The Beyak Scandal and Beyond

The eviction of Lynn Beyak from the Conservative Party’s Senate caucus is both long overdue, and totally insufficient. Her expulsion from caucus does nothing to remove her annual salary of $157,000, or to get her kicked out of the Senate before the age of 75.

Sen. Beyak had become a political liability for right-wing Tory leader Andrew Scheer, who was conveniently “shocked” in early January to learn that her website contains a variety of deeply racist “support” messages. These emails back Beyak’s claim that residential schools provided important “benefits” for Indigenous children, in particular education about the Bible and Jesus. Such “education” was a form of genocide, which includes conscious attempts to assimilate Indigenous peoples through destruction of their traditional cultures, languages and spiritual beliefs.

This was well-known long before Stephen Harper appointed Beyak to the Senate as a reward for her efforts on behalf of their party – a move which came after his forced apology to Indigenous peoples for the terrible impact of the residential school system. And despite Scheer’s lame explanations, his office had been contacted repeatedly last year about the racist content on Beyak’s website.
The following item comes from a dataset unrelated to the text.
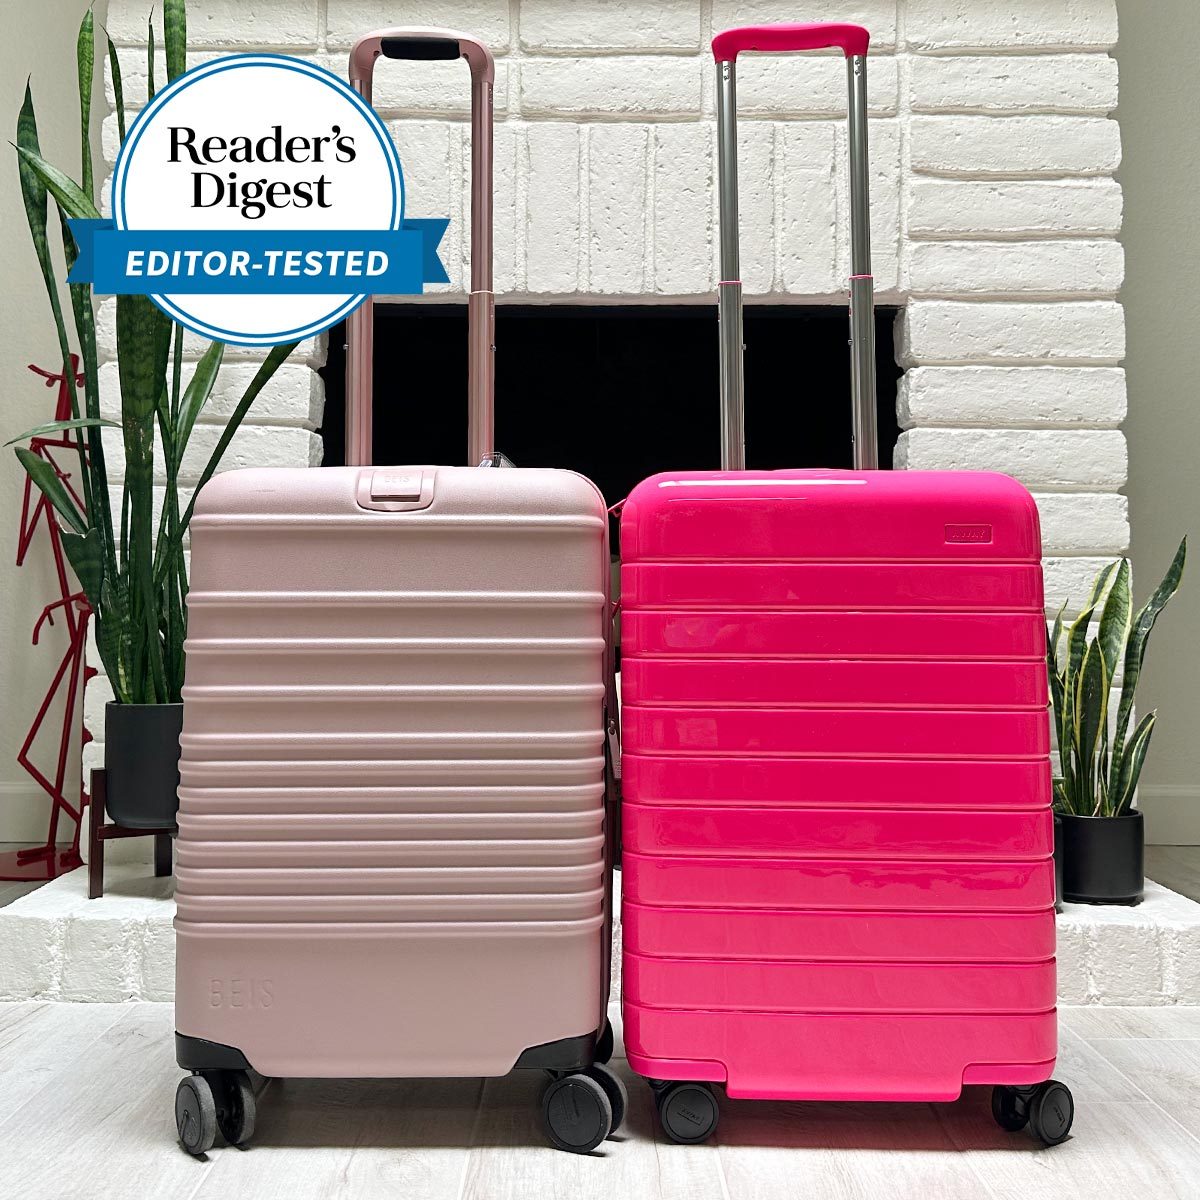 Away vs Beis Luggage: Which One is the Perfect Travel Companion

The Conservative party was a key player in establishing the racist Canadian state upon the theft of indigenous territories, using the ideology that this is a “white man’s country.” The Tories to this day include a large number of unrepentant racists in their membership. But it is also a fact that other major parties still treat the UN Declaration on the Rights of Indigenous Peoples as an “aspirational” document, stubbornly refusing to accept that a truly equal “nation to nation” relationship means fully accepting the terms of the Declaration. Racism in this country is a deeply rooted historical problem, not just a case of a few bad apples like Lynn Beyak.